Colonialism isn't dead.
Colonialism is alive and well every time you travel from the First World to the Third and come home bearing photographs of sharks and storms and slums, of scorpions fried for snacks, sunflowers bigger than your head, stalled buses whose aisles are slick with spit, and then you tell your friends and co-workers, "Oh man, it was so great, you gotta go."
We call it ecotourism and adventure travel. That sounds sensitive. We think Ugly Americans are the fat ones on cruises and on package tours -- anyone but us. We think we're different because we don't have a stars-and-stripes patch on our backpacks as -- buckle your seatbelt -- this summer's travel boom defies the presence of not one but several wars around the world right now which may or may not become a world war. This is the busiest summer on record for air travel, according to USA Today, with 207 million Americans expected to board U.S. planes for domestic and international flights, up from last summer's 205 million....

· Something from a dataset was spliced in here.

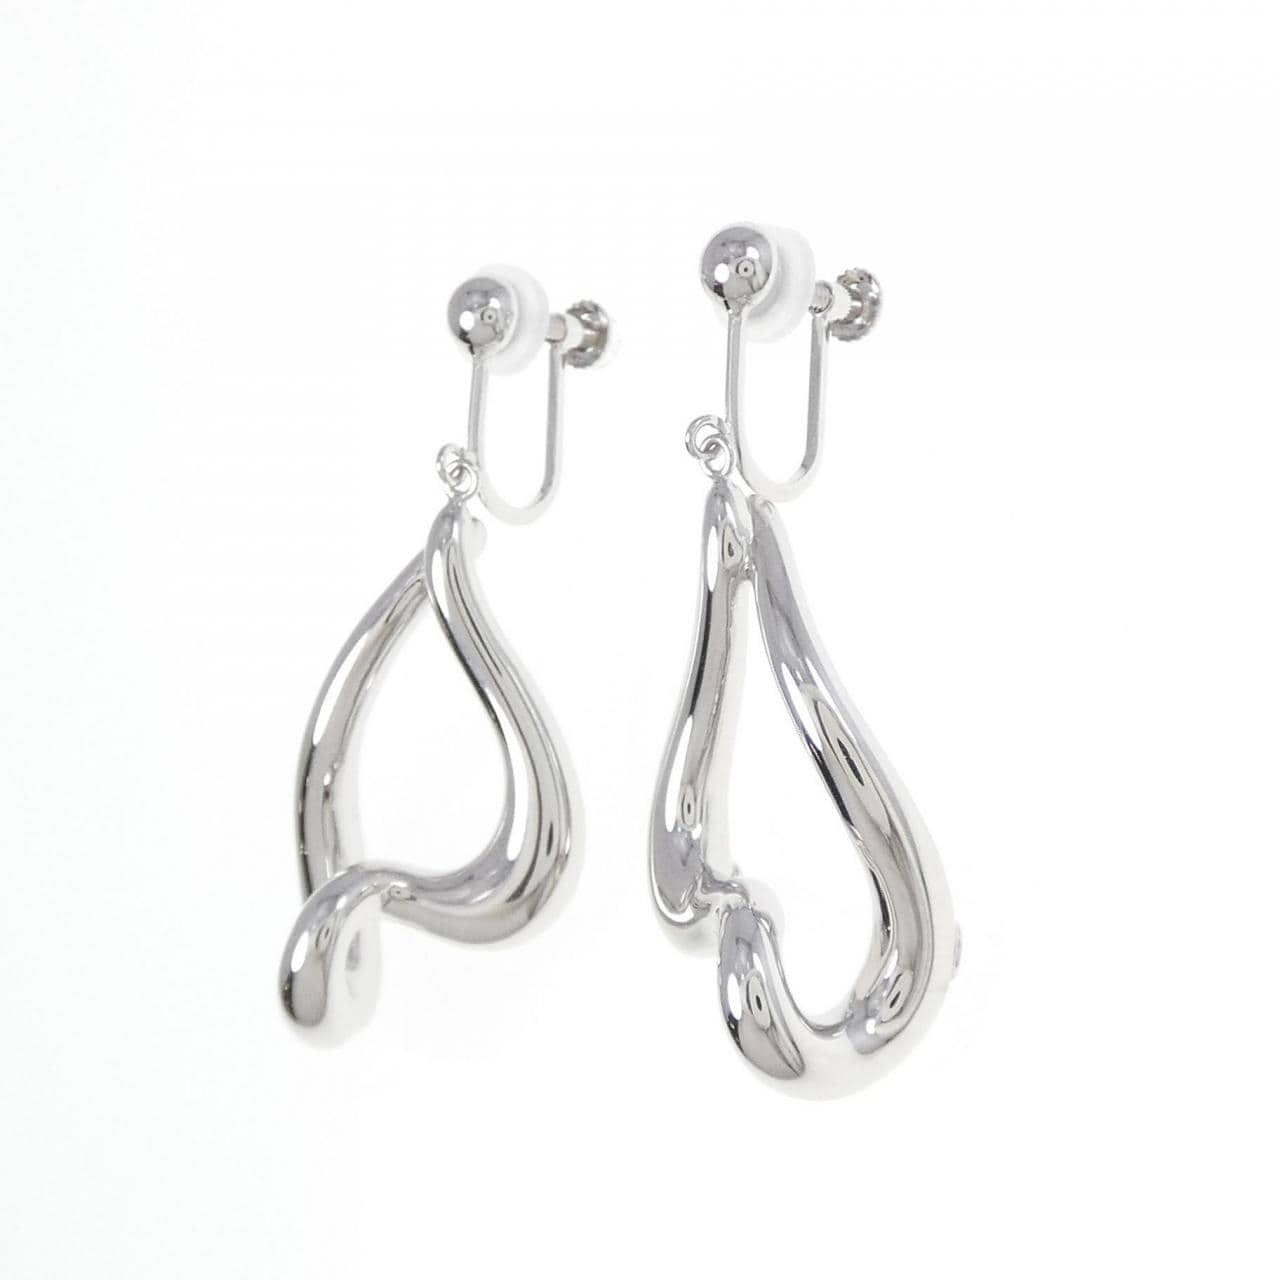 PT/K14WG/PT1000 earrings

Takeoff. That plane transporting 207 million of us to giant-flowerland is causing global warming. That's what Ian Jack writes in the latest edition of the literary journal Granta, whose theme is "On the Road Again." Carbon emissions from aircraft into the higher atmosphere are thrice as potent as those rising from ground level, Jack writes. To slow the coming debacle, "because all we can do now is to modify the severity of the inevitable," he makes a radical proposal that we go virtually nowhere: "We would need to ration the carbon dioxide produced by traveling to an allowance of no more than half a ton a year for every human being alive today." That translates to 2,200 kilometers (1,320 miles) by car a year, with no air travel, or 1,000 kilometers (600 miles) by car a year with a round-trip international flight once every 15 years.
"Fortunately for the climate," Jack half-jokes, "a lot of the world's population is too poor to do much traveling at all."